My University course begins in just two weeks and I'm really unfit to begin studying, it's an absolute train wreck and I have no idea why they've done this, it's almost as if they want me to fail :(

I need a hug :weep:

MrAndy
22-09-14, 13:21
hang in there Elad,with the right support you can recover enough to get going again.if you dont get the correct support scream and kick and complain until you do,you deserve this.
take care

venusbluejeans
22-09-14, 13:25
Wow good luck with that.... I am an afterschool nanny so I am in childcare too.

hopefully the care co-ordinator will help you, see what they say to you and then go from there..... and see what they say about the dialectical behaviour therapy too, fingers crossed.

I don't think anyone wants you to fail at all Elad, I think it is just how the medical system works unfortunately...... sometimes they don't really look at peoples back ground at what is going on that way.

you CAN do this and you WILL..... head towards your dream and you will get there.

I can send you a virtual hug....

http://shechive.files.wordpress.com/2014/06/hugs-yay-11-6.gif?w=354&h=369


Emmz

lior
22-09-14, 13:45
Ahh Elad. I feel for you. I realised I was depressed at university and they weren't great most of the time - made me feel even more crazy than I was.

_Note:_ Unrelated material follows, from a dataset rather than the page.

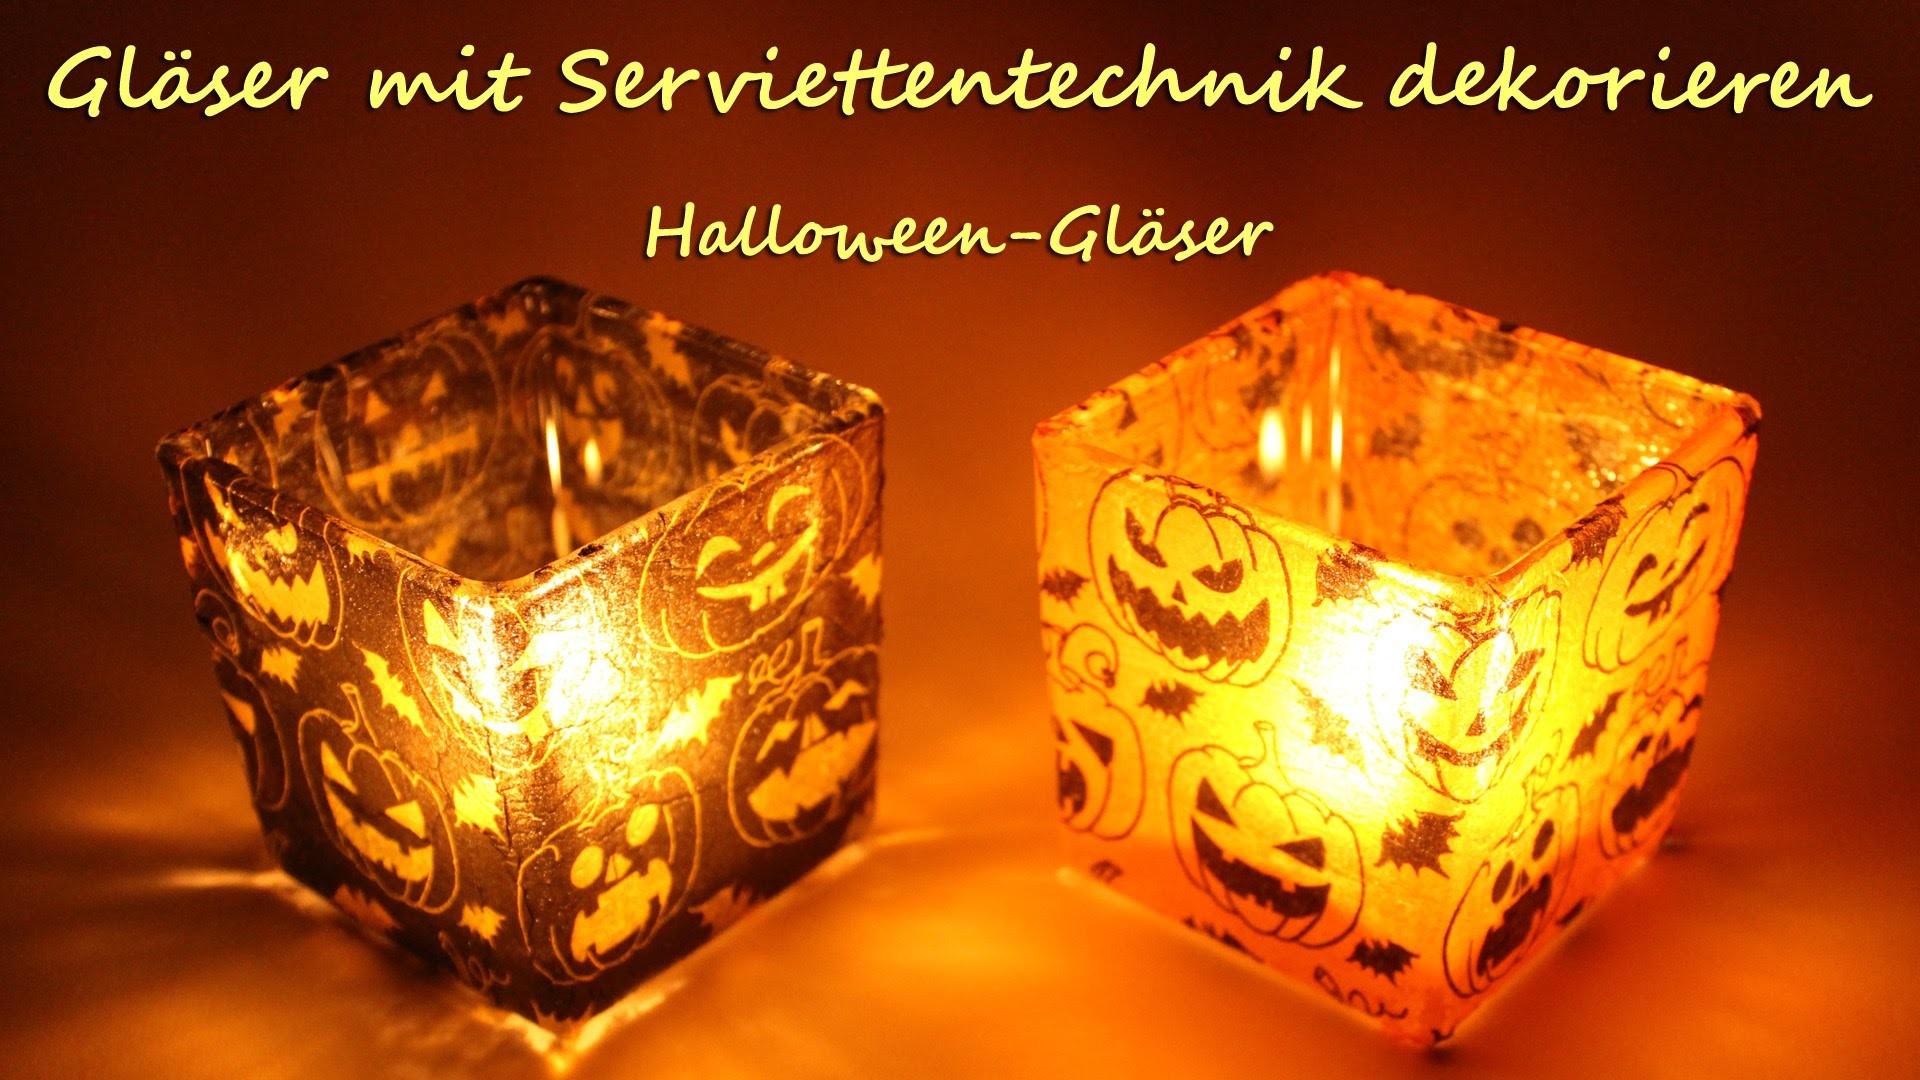 DIY: Gläser mit Serviettentechnik dekorieren - Spukige Teelichter zu Halloween | kreativBUNT
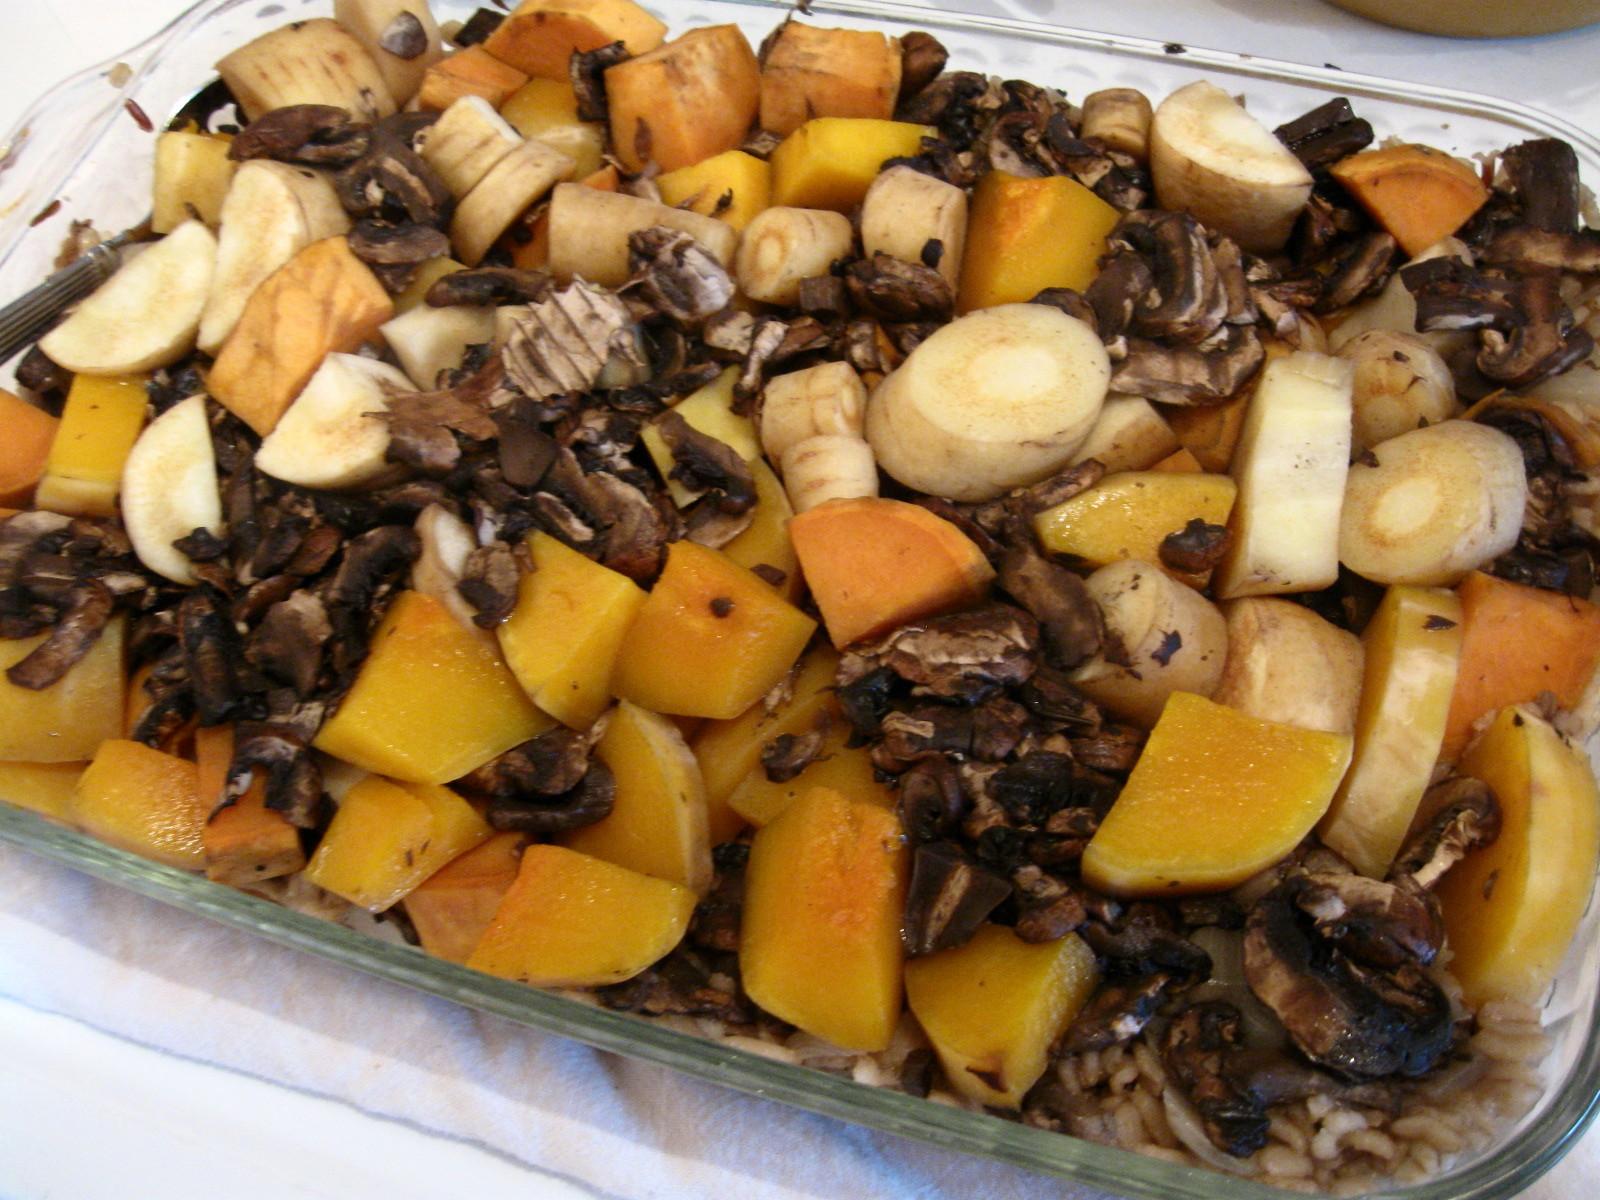 Wild Rice Vegetable Bake #SundaySupper

You will get through this. Worst comes to worst, you can postpone your studies. It might be a good idea to tell the HR type person in your new uni department what you're going through so they cut you some slack with attendance etc. if you need it. When I told a trusted tutor it made everything better - I even got set more manageable assignments for my needs.

Keep us updated.

PS that thing about self harm being normal... that nurse might just be inexperienced. I find myself trying to catch out medical people I'm talking to, testing them a bit - and I'm overly sensitive to anything they say which seems a tiny bit wrong. I'm sharp sometimes with banter in a good situation - in a bad situation it means I end up leading people to say things they don't really mean or consider fully perhaps. So don't take it personally about that nurse, he/she just couldn't keep up with you :)

Elad
22-09-14, 14:08
I have a lot of leeway with University because I've already disclosed that I have Schizophrenia with the disability department and a lot of support has been put in place for me, but I really didn't want to have to rely on it or miss lectures and the like.

I really want to put my all into this course, if I really need to take a sick day then I'll take it but I intend to avoid it as much as I possibly can.

I feel like I've kicked and screamed as much as I possibly can, I've had police involved so many times and I've been in psychiatric hospital 6 times, I'm known so much to my general hospital and crisis team that they all know me by my name just by seeing me but they still drag their feet, am I a lost cause to them? I don't know.

I've considered postponing my studies but if I do that will student finance still finance my course next year? Is there a limit on how many times they will finance your course because I might already be at that limit if that's the case, this is the third time trying and I've fallen ill every single time. This is the time I finally feel well enough to be able to do it so I really don't want to mess things up.

--- --- --- --- ---

Either way I'll keep this thread updated after I see my new care co-ordinator tomorrow and I'll then update it after my first week of University.

Thanks for caring and for the support guys, I really appreciate it.

Elad
23-09-14, 18:38
It turned out to be a standard initial assessment. She asked the typical questions such as how I would rate my mood, how I spend my day, do I eat enough, do I drink enough fluids, how are my relations with my family, how was my childhood, how is my memory, how is my concentration, how is my motivation, etc.

She classed me as high risk and now I just have to wait to be assigned a care co-ordinator but I'm not sure what they plan to do other than apparently helping me find alternatives to self-harm, she said psychology is unlikely since I already had psychology with the early intervention team for just over a year...

Ah well...

I'm not even sure if this is worth it since I start University in less than two weeks and I'll be seeing a mental health mentor during University two times a week.